Multicenter, Head-to-Head, Real-World Validation Study of Seven Automated Artificial Intelligence Diabetic Retinopathy Screening Systems
Research Design and Methods: This was a multicenter, non-interventional device validation study evaluating a total of 311,604 retinal images from 23,724 veterans who presented for teleretinal DR screening at the Veterans Affairs (VA) Puget Sound Health Care System (HCS) or Atlanta VA HCS from 2006 to 2018. Five companies provided seven algorithms, including one with FDA approval, that independently analyzed all scans, regardless of image quality. The sensitivity/specificity of each algorithm when classifying images as referable DR or not were compared to original VA teleretinal grades and a regraded arbitrated dataset. Value per encounter was estimated.
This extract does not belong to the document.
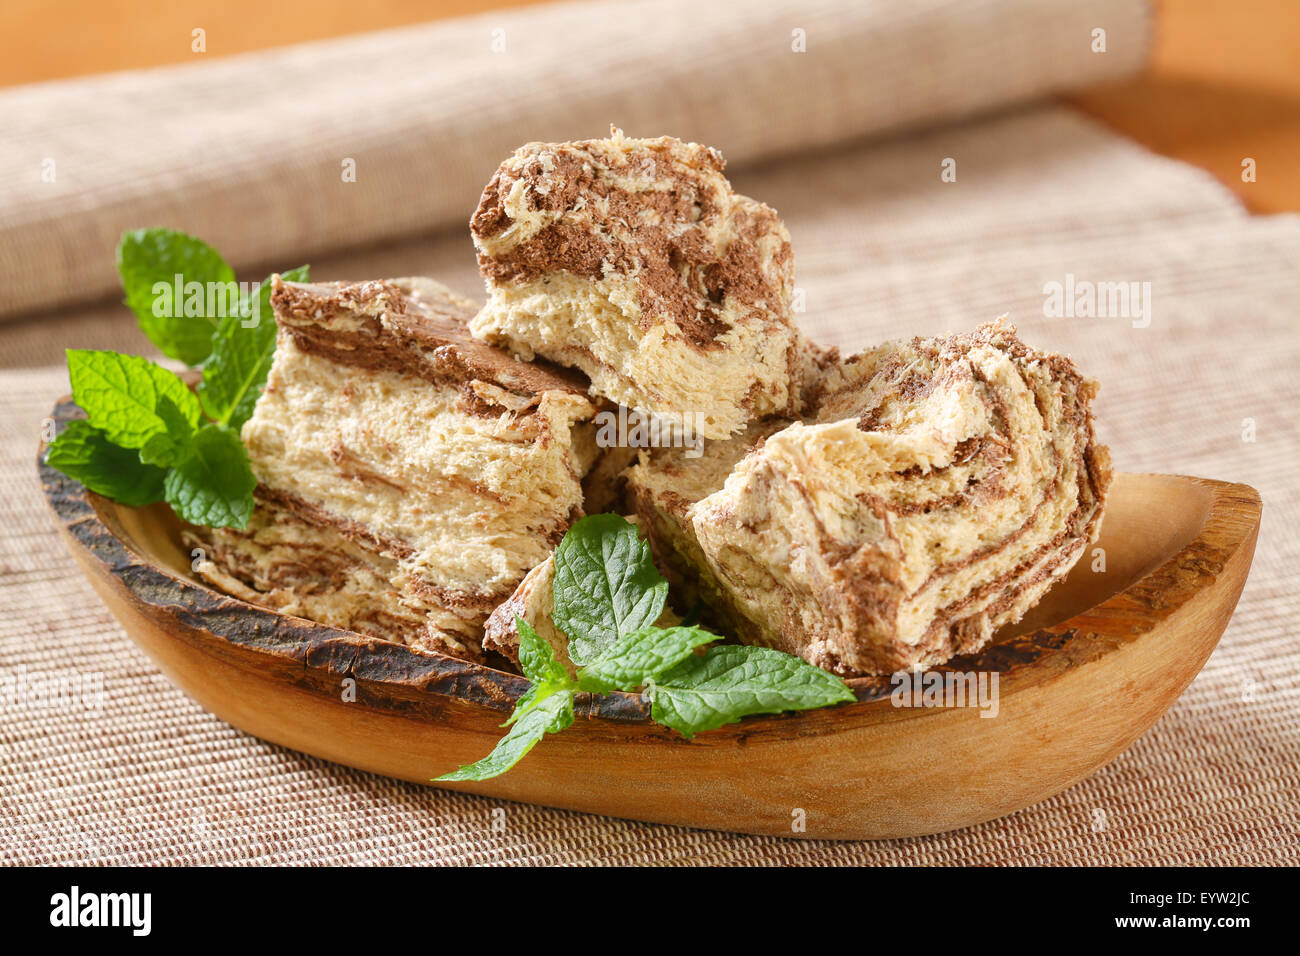 Marble sesame halva with cocoa - Stock Image

Results: Although high negative predictive values (82.72%-93.69%) were observed, sensitivities varied widely (50.98%-85.90%). Most algorithms performed no better than humans against the arbitrated dataset, but two achieved higher sensitivities and one yielded comparable sensitivity (80.47%, p = 0.441) and specificity (81.28%, p = 0.195). Notably, one had lower sensitivity (74.42%) for proliferative DR (p = 9.77x10-4) than the VA teleretinal graders. Value per encounter varied at $15.14-$18.06 for ophthalmologists and $7.74-$9.24 for optometrists.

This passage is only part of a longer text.